Considering the bystander editing of base editors, we used high-fidelity TadA8e variants and different linkers combined with IscB to narrow the editing window (Supplementary Fig. 12). To address this concept, we tested high-fidelity deaminases and different linkers. We replaced TadA8e-V106W of IscB.m16*-ABE with TadA8e-N108Q or TadA8e-N108Q;L145T (ref. 28) and found a narrower editing window but lower editing efficiency compared to IscB.m16*-ABE (Extended Data Fig. 10a). The replacement of linkers between IscB and TadA8e-V106W showed no significant improvement with respect to narrowing the editing window (Extended Data Fig. 10b).

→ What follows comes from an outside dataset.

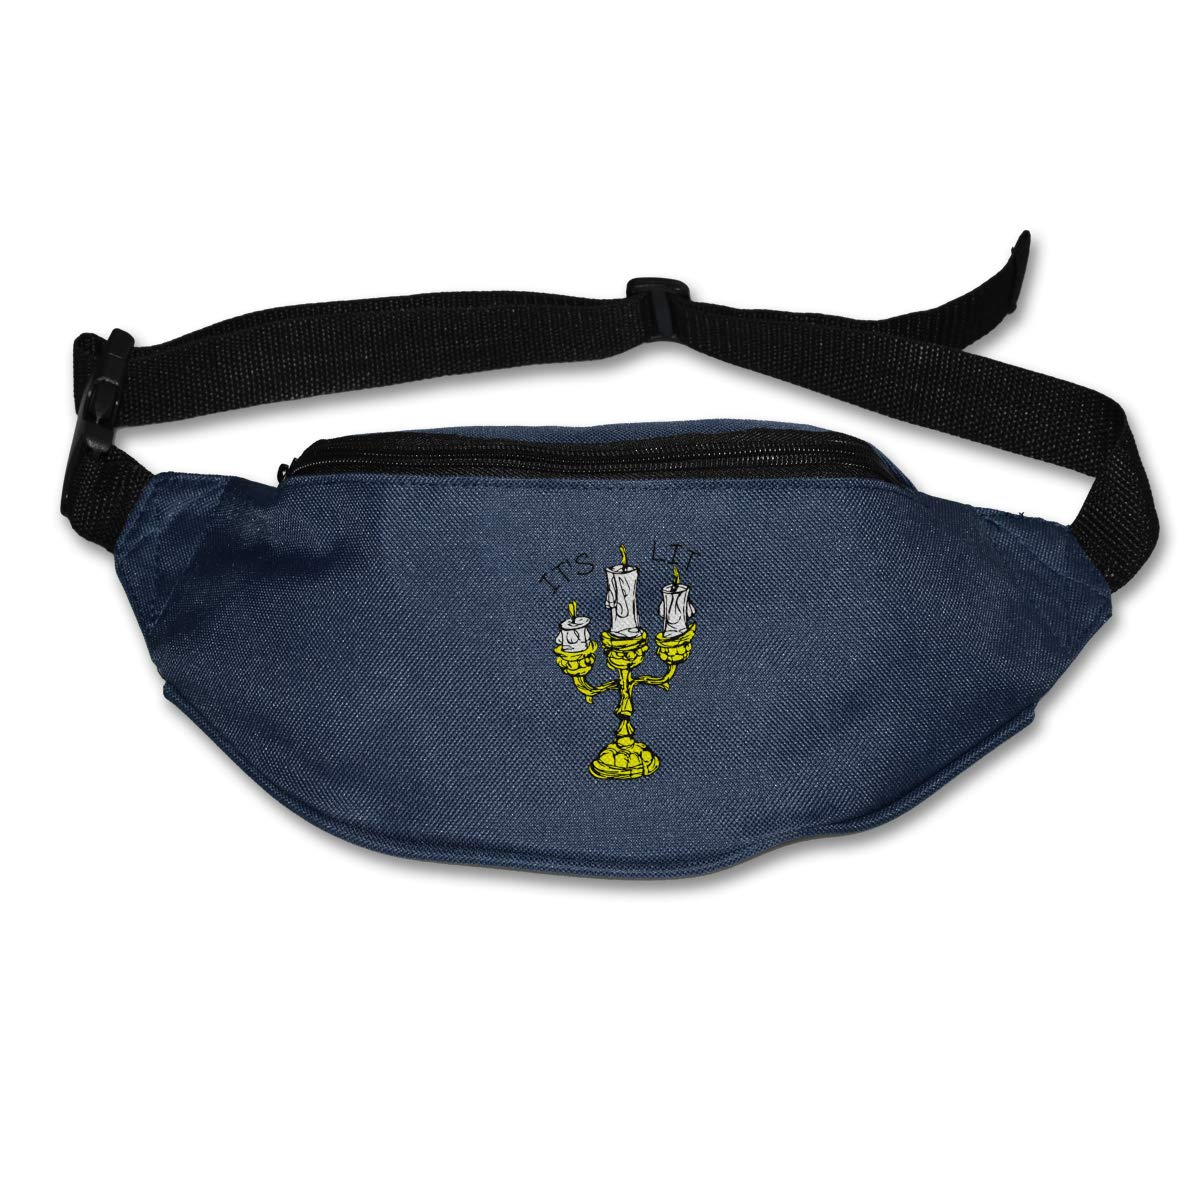 Sport Waist Packs Fanny Pack Adjustable For Run lamp Its Lit

IscB-derived CBE restores dystrophin expression in mice
Taking advantage of its small size, the IscB*-derived base editor can be packaged with its ωRNA into a single rAAV vector, making it a greatly promising candidate for the treatment of certain genetic diseases, such as Duchenne muscular dystrophy (DMD)29,30. Previous studies have shown that exon 50 skipping of the dystrophin gene can restore dystrophin expression in a mouse model with an exon 51 deletion, a mutation occurring in nearly 8% of patients with DMD31,32. To access IscB.m16*-based base editing in DMD therapy, we devised a strategy whereby IscB.m16*-CBE disrupted the splicing signal by converting the G (in the paired chain of C) within the splicing acceptor site (‘AG’) to other bases (A, C or T), resulting in exon skipping (Fig. 5a). We first tested IscB.m16*-CBE with the ωRNA targeting the AG site adjacent to exon 50 in HEK293T cells. We observed that IscB.m16*-CBE displayed approximately 25% activity at position 10, which is the splicing acceptor site, while enOgeuIscB-CBE and SpG-CBE showed almost no base-editing activity (Fig. 5b). To conveniently package tools into a single AAV, we chose IscB.m16*-CBE (4.0 kb) without the uracil DNA glycosylase inhibitor (UGI) domain (two UGI domains and a linker, 196 aa) to be packaged into AAV9 and detected the base-editing activity in mice. Two versions of IscB.m16*-CBE carrying different nuclear localization signals (NLSs) were designed and delivered to the muscle of mice with humanized exon 50 knock-in and exon 51 deletion (Fig. 5c). Then, 4 weeks after injection, we performed an editing efficiency evaluation, western blot analysis and histological staining for dystrophin expression. Targeted deep sequencing analysis showed that IscB.m16*-CBE-v2 achieved an approximate 7% conversion of G-to-H (G-to-A, G-to-T and G-to-C) and up to 30% level of exon 51 skipping (Fig. 5d,e). Western blotting and histological staining quantitative analysis of the tibialis anterior (TA) muscle and immunostaining results indicated that IscB.m16*-CBE-v2 restored the dystrophin protein levels in myofibers to 40% of the WT control (Fig. 5f–h). Together, these results indicate that the IscB.m16*-derived base editor, as a highly effective and broad-TAM miniature base-editing tool, provides a promising approach for basic research and therapeutic applications.
Discussion
In summary, through computational mining of metagenomic sequence datasets, we identified 19 natural IscB orthologs with various TAM recognition sites and 10 of the IscBs showed activity in mammalian cells, highlighting the diversity of the IscB family. By examining the results of six engineered ωRNAs, we found that the truncation of the first (R1) and last (R5 or R6) stem loops of the ωRNA usually enhanced the editing activity of IscBs. Through structure-guided design and protein engineering of the P1D, TID and RuvC domain of IscB, we developed the IscB.m16* system that exhibited improved editing activity and extended the TAM scope to 5′-NNNGNA-3′. This is a notably broader recognition range than the previously reported enOgeuIscB with a 5′-NWRRNA-3′ TAM19, although we found that enOgeuIscB showed efficient activity with a broader TAM (not only NWRRNA) in mammalian cells. Furthermore, IscB.m16*-derived base editors showed editing activity comparable to SpG-BE and even higher editing activity than SpG-BE and enOgeuIscB-BE at some disease-related loci, such as DMD. Therefore, considering their compact size and extended editing scope, IscBm16*-derived base editors have the potential to be alternatives to enOgeuIscB-derived and Cas9-derived base editors for AAV-based therapeutic applications.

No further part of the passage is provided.